Two Phone Calls, One Good, One Bad

The first weekday after taking the positive test, I was ready to call the OBGYN first thing to schedule our appointment. I wanted to hear the little guy’s heart beat. So all morning I thought about the “proper” way to tell the doc’s office I was pregnant. Does it sound silly if I claim I am, with absolute certainty? Shouldn’t they be the ones telling me I’m pregnant? Should I show my excitement when I say it? Should I tell them it was on purpose? Should I request the appointment, then say why? Or should I casually try to work it into the conversation? I practiced. Not in the mirror or anything, but I practiced.

So much fretting. All of it unnecessary. When I got through, I mustered up the most casual tone I could, and said, “I know I’m not due to come in until May for my annual appointment, but I took a positive pregnancy test and needed to come in sooner…I think…er…right?” So they said the earliest I could come in would be in two weeks, when I would be 9 weeks along. March 10! And that was it.

Then a few days later another phone call, but this one not so fun. I had some “spotting.” So of course, I was worried. It sounds so simple…just a little spotting, pish posh. But when it’s happening to you, believe me, it is not pish posh. My mind and Wally’s immediately turned toward doom. We tried comforting each other by looking online (Dr. Wally, studying at WebMD) and in books (my 479-page Dr. What to Expect), but while my at-home diagnosis made it sound okay, his made it sound terrible. Then I started finding bad possibilities, and so we decided to just call the actual doctor. The one who who went to medical school. And has years of experience diagnosing these things.

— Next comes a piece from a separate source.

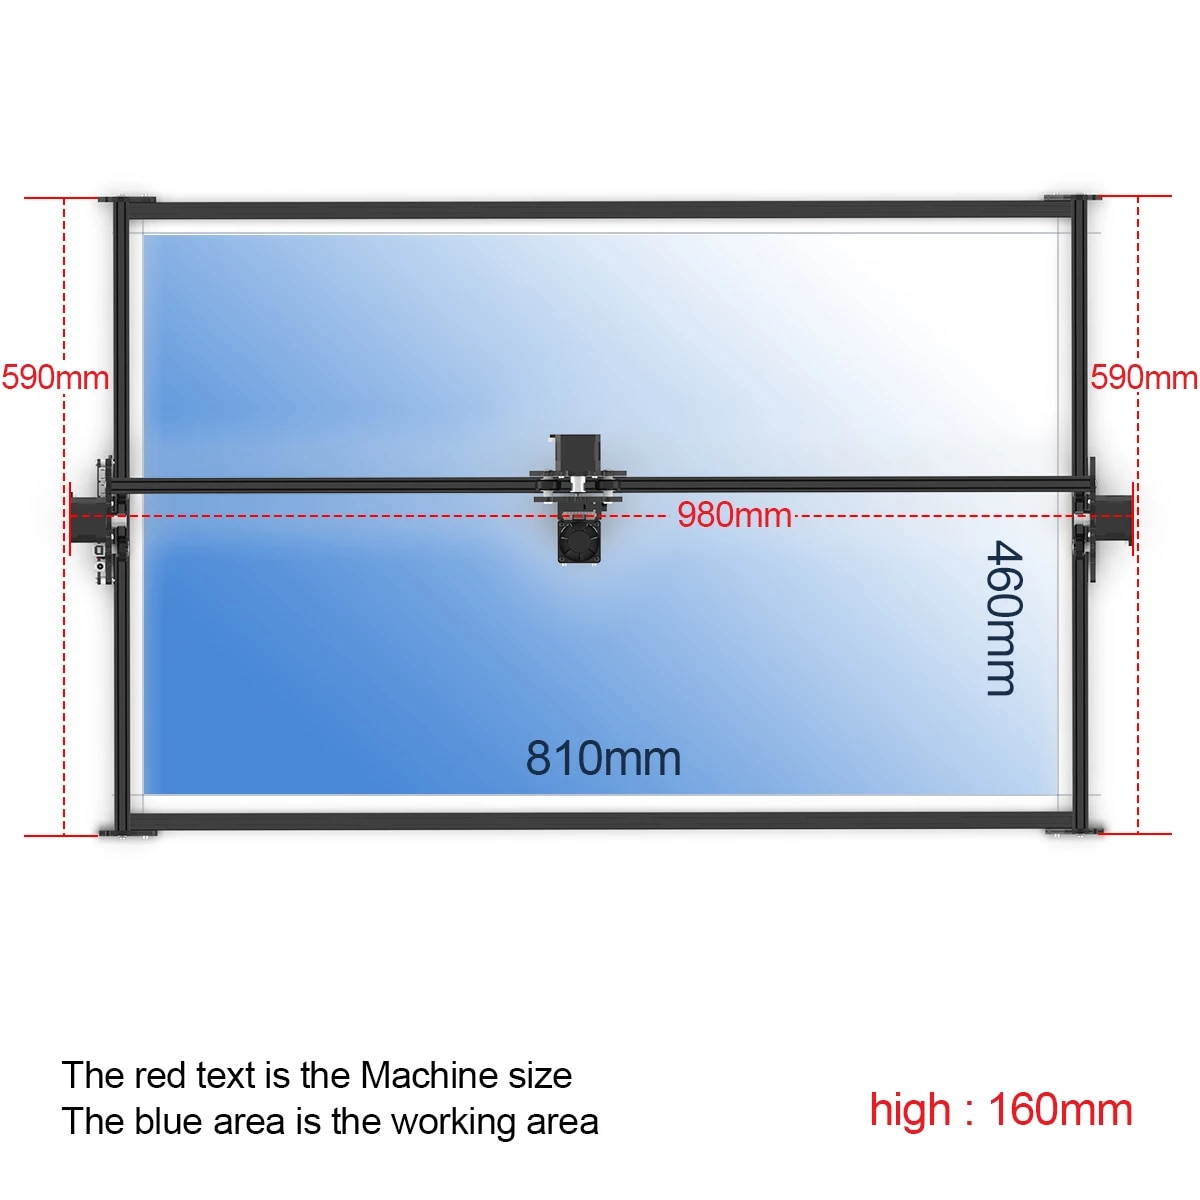 New NEJE Master 2S Max 50W A40630 Profession CNC Laser Engraving Machine Laser Cutter Engrave Metal with App Control Lightburn enlarge

I got through to the on-call midwife, and held it together (barely) while I explained the situation. She sounded comforting and grandma-ish, and said it’s probably fine. As long as I wasn’t cramping or having what was like a menstrual cycle, we shouldn’t worry. She said I should increase my water (WHAT? I was already drinking 2 quarts or more a day, but okay), and that it could last a few days. As long as it wasn’t too much, it was okay.

So we sighed (sort of) and felt better (sort of) and waited. I haven’t written the past few days because we’ve been a little more tempered with our thrill. Light spotting lasted. A little here and there. We prayed a lot. One day I was mid-thought about something else entirely (a rare moment), when a thought that was not my own said, “Don’t diagnose it, Mollie, you are not a doctor.” That, I believe, was to help me stop running through all the negative possibilities in my head. It was still lasting yesterday. So we still were worried, and I decided to call again today if it still was worrisome. But to our happiness, no need. Today, it seems to have let up.

The most difficult part about all of this is not knowing, even with all the info available in books and online, what for sure is happening. I want to know with certainty that our little baby is okay. My only “signs” are a few pregnancy symptoms, which I assume mean that everything is coming along. But that is not enough right now, as it’s not the baby communicating. So I can’t wait for the first doctor visit, the ultrasound, where I hope to hear that little heart beating, our baby’s little tin can, sending up a message, “I’m okay, I’m okay, I’m okay.”